Your objective: Below are the entries to work from; restate word for word the portion that opens with the line containing "VITAMIN C ANTI-AGING" and closes with the line containing "a5b90b8f301d Nike Hyperdunk", keeping both.
━━ Exercise inputs
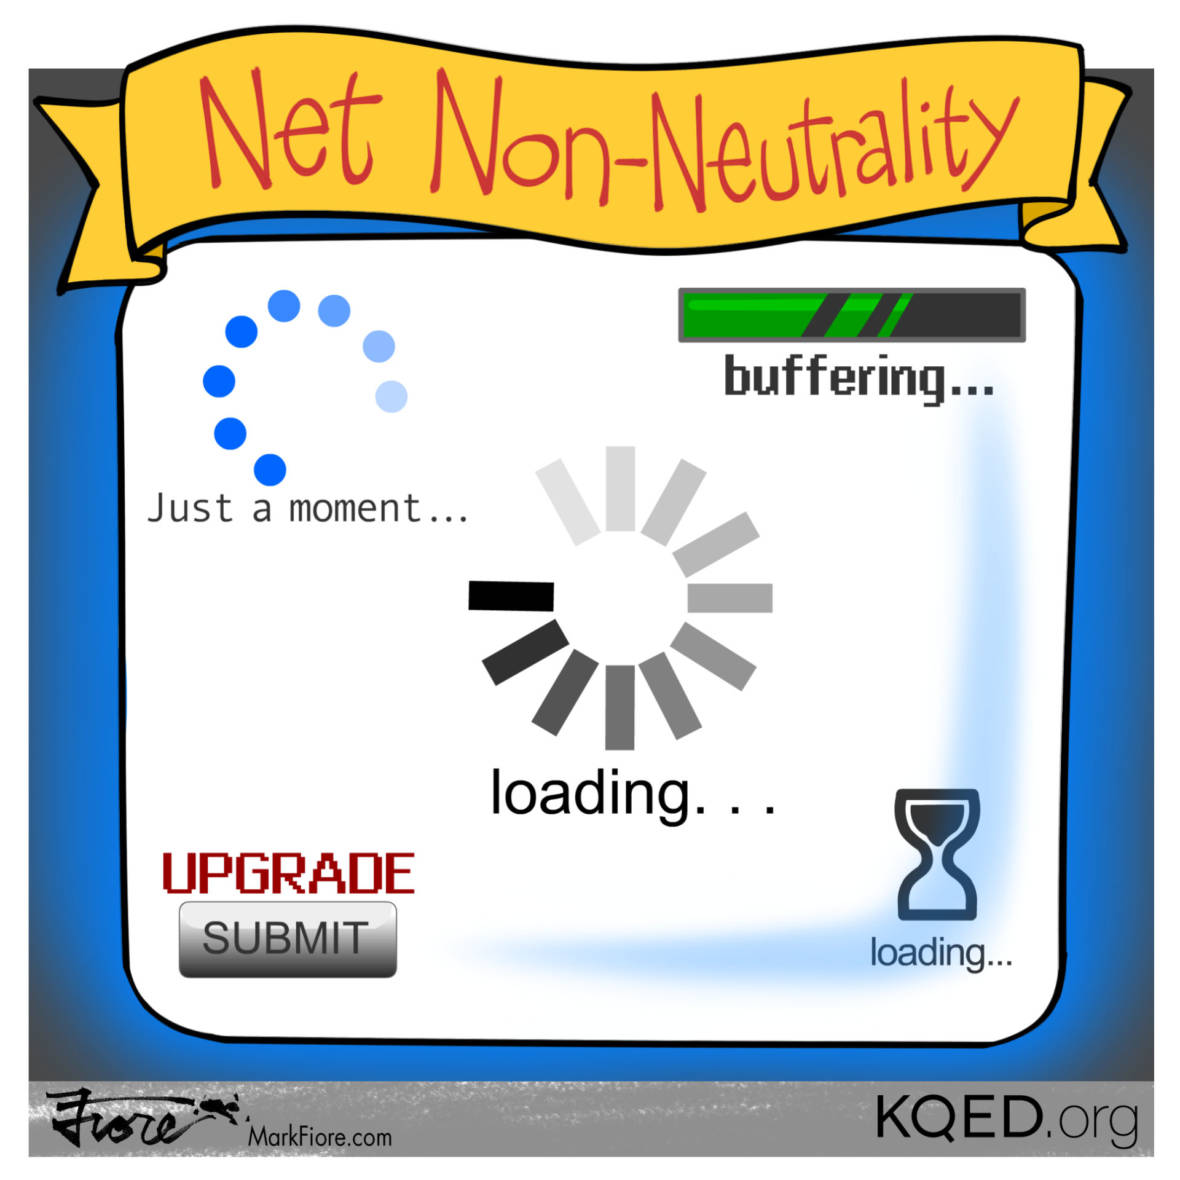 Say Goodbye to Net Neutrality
━━━━
━━ Exercise inputs
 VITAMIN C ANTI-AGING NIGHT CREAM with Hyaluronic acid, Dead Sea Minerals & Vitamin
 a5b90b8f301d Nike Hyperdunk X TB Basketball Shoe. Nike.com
━━━━
Written response:
 VITAMIN C ANTI-AGING NIGHT CREAM with Hyaluronic acid, Dead Sea Minerals & Vitamin
 a5b90b8f301d Nike Hyperdunk X TB Basketball Shoe. Nike.com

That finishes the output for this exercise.